Where have I seen this look before? MB&F founder Max Busser doesn't hide the fact that he is inspired by science fiction and related culture in the creation of his timepiece novelties. The new MB&F No. 3 reminds me of a place between Star Wars' C3PO, "Batteries Not Included's" Wheem babybot, and Futurama's Bender. Compare the images, and I think you'll agree. Besides those references, there are plenty of other tech culture influences that went into the design of the No. 3 Sidewinder and Starcruiser.
The difference between the two watches is orientation. Not THAT kind of orientation (anyone can wear them), but literally the way they are positioned. The Starcruiser is in a more vertical position with the crown pointed up, while the Sidewinder is turned on its side, with the dials stacked on each other and the crown pointed in toward your arm (assuming you are wearing the watch on your left wrist). Reading the time is based on looking at two conical gauges. One features the hours, while another features the minutes. Looking down at the hour cone you see a day/night indicator as the entire rotation of the hand takes 24 hours to make a full revolution. The adjacent cones features the minutes which can be read either on the side of the cone or looking from above. The watch doesn't have a dedicated seconds display, but really, is that what you are thinking about right now? You'll further appreciate knowing that the cones are made of solid pieces of sapphire crystal, which in case you were wondering is very hard to manufacture in these shapes.
The No. 3 has an interesting date display. Most of the disk is exposed, and an arrow to the right of the disk indicates what the date is. MB&F makes a big to do about how this has "never been done" before. Watch makers love this phrase. The date display is nice... nothing to have a press release about, but the high quality nature of the disc makes it interesting to look at. What is cool however, is the rotor for the automatic movement being exposed through the front of the watch in the middle of the date disc. Done in gold, and shaped like a boobie trap axe, the rotor reminds you that this is no watch you are looking at, but rather, an "Horological Machine." This is luxury marketing at its best ('wink wink').

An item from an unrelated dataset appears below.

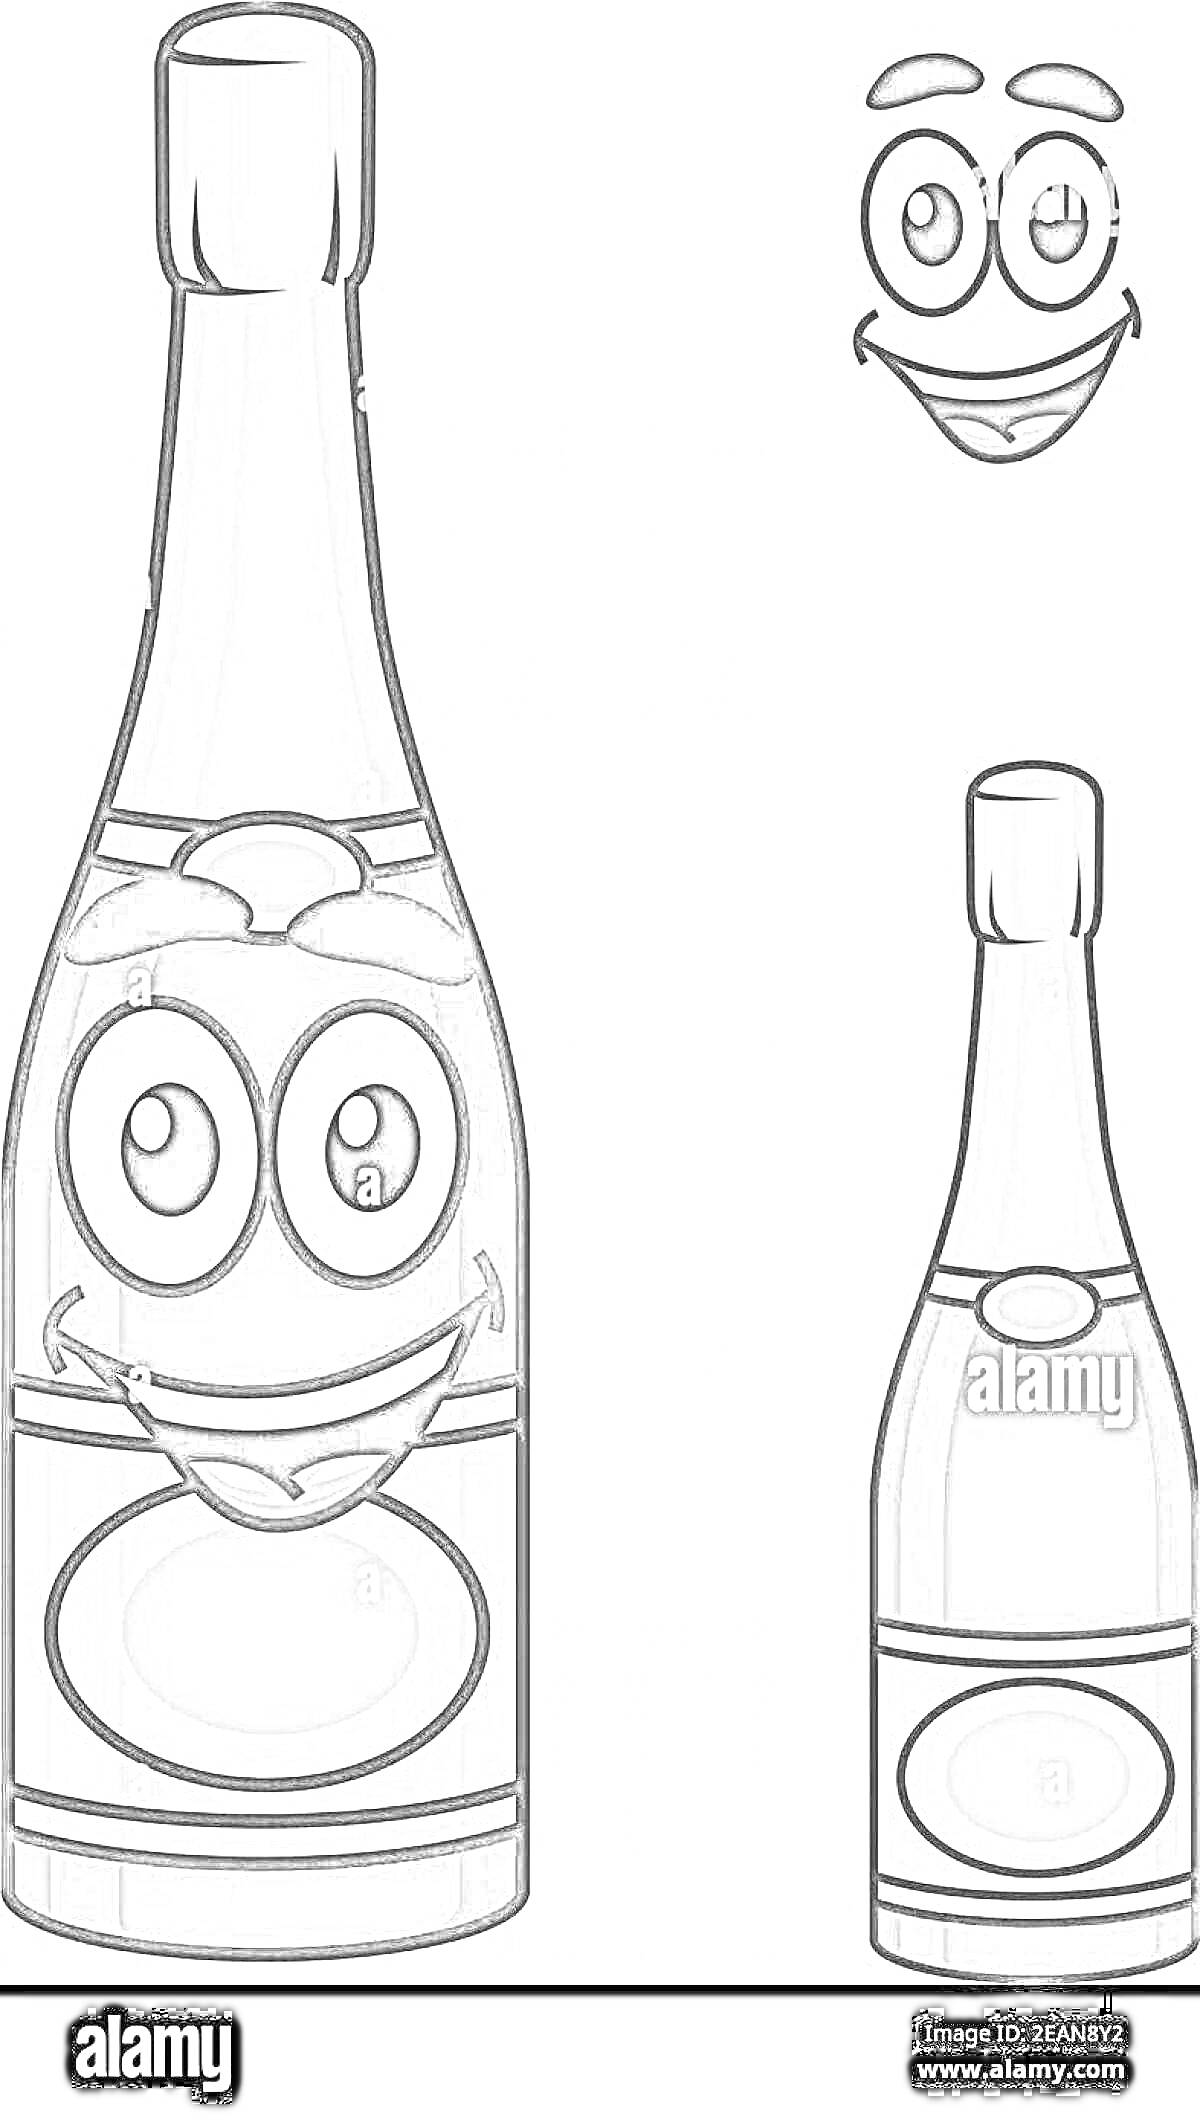 Раскраска Бутылка шампанского с улыбающимся лицом и отдельным изображением улыбающегося лица
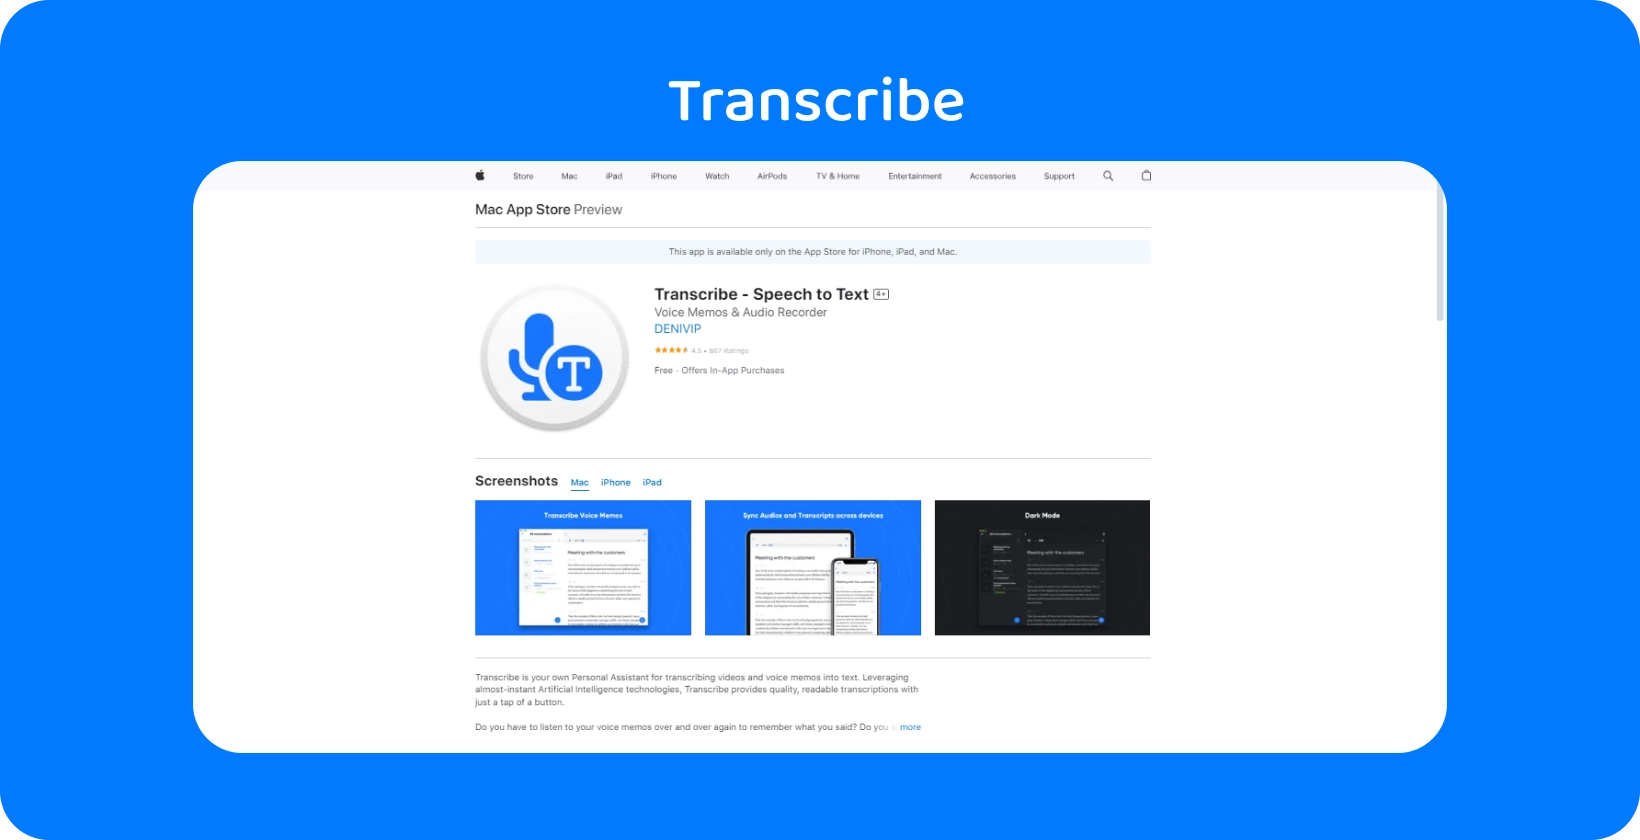 Captura de tela do aplicativo Transcribe no Mac App Store, destacando seus recursos de fala para texto.

In my opinion, this third Horological Machine iteration is the most cohesive design of the MB&F bunch. While each of their previous models was infinitely impressive, I was always just short of really being moved by the design. The No. 3 takes the theme to a new level for me, and the cultural icons that the watch reminds me of really make it something worth lusting for if I am ever in the position to blow six figures on any given weekend.
The watch case is red gold and titanium (the bottom) on the Starcruiser, and white gold and titanium on the Sidewinder. The rotor itself is 22k gold and plays a little visual trick. All rotors must weighted at one end so that they oscillate to wind the watch. The rotor in the HM3 (horological machine 3) looks to be symmetrical, so where is the extra weight? Simple, it is underneath the rotor, nothing too crazy, though MB&F loves to call it a mystery rotor, what an horological enigma!
The crown is wonderfully large. It needs to be when you call this a machine. Place attention on its operating point. There is not much going on, on the rear of the watch, save for two symmetrical gears. These likely spin in tandem when you manually wind the watch. The hardest part of a movement such as in the HM3 is creating the symmetry and making it look so nice. There is nothing too inherently complicated about the MB&F No. 3 in watch terms. You can get the same functions in mechanical watch for a few hundred bucks. What is special, is the orientation of the gears and elements that make up the movement and the watch itself.
This is not a watch I would call beautiful, but the steampunk goggle appearance of the time telling semi-cones is endearing. It is a sympathetic machine, and depending on its orientation, it looks to be smiling or demurely cute with the cones serving as eyes. Add the exposed screws and polished metal, and you have a thematic masterpiece that for once, combines science fiction, steampunk, and anthropomorphism; in a watch.
You can also appreciate the black hand stitched alligator strap with the fold over clasp (also gold an titanium) adoring the logo of the rotor design. It is kind of MB&F's icon, this rotor design. Look at the three prong connection to the lugs where the strap attaches to the case. It is a nice look, and the large sized screws work well on the side. The strap is really wide, but it needs to be so that the 47mm wide by 50mm high case of the HM3 doesn't look too gargantuan.
Can you afford this timepiece wonder? Not likely. Price has not been announced yet (to my knowledge) but don't expect prices to go south of $100,000, more likely in the $200,000 - $300,000 range. Though I might be wrong, and a shiny new Sidewinder or Starcruiser could soon be had for a svelte $80,000 - $100,000.